Then, load the GO DAG and call the predict_all_subgraphs() method like in the example below.

import networkx as nx

import obonet


go_db_path = "./dataset/go-basic.obo"

graph = obonet.read_obo(go_db_path)

model.load_gene_ontology(graph)

mf_results, bp_results, cc_results = model.predict_all_subgraphs(x, top_p=top_p)

mf_subgraphs, mf_terms = mf_results
bp_subgraphs, bp_terms = bp_results
cc_subgraphs, cc_terms = cc_results

# Render the subgraphs ...

See the predict_subgraphs.py file in the repository for an example of how to render the GO DAGs using Plotly.

Example GO Subgraphs

You can also ouput the subgraphs for individual apsects of the GO using the predict_mf_subgraphs(), predict_bp_subgraphs(), and predict_cc_subgraphs() methods like in the example below.
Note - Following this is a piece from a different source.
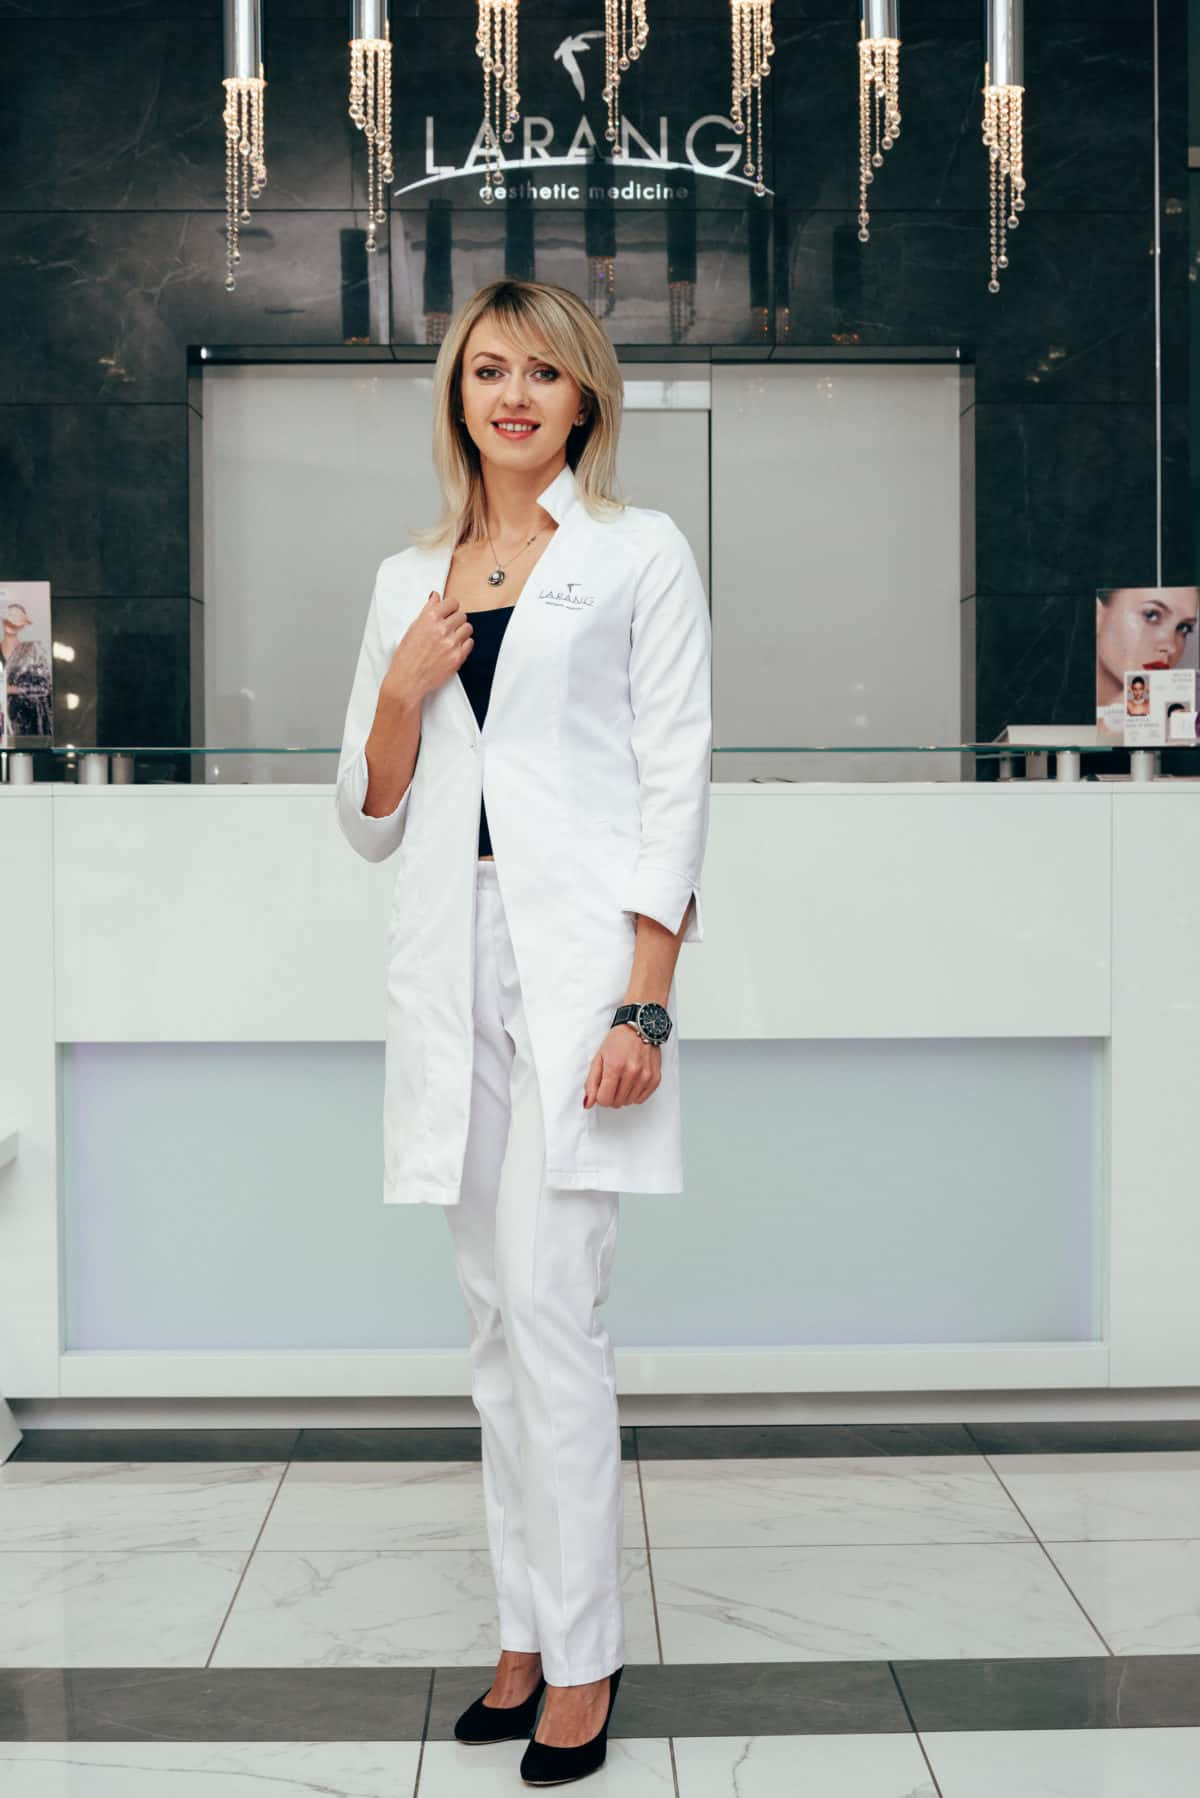 Косметолог-эстетист, специалист по лазерной дерматологии

mf_subgraphs, mf_terms = model.predict_mf_subgraphs(x, top_p=top_p)
bp_subgraphs, bp_terms = model.predict_bp_subgraphs(x, top_p=top_p)
cc_subgraphs, cc_terms = model.predict_cc_subgraphs(x, top_p=top_p)

References

  • T. Hayes, et al. Simulating 500 million years of evolution with a language model, 2024.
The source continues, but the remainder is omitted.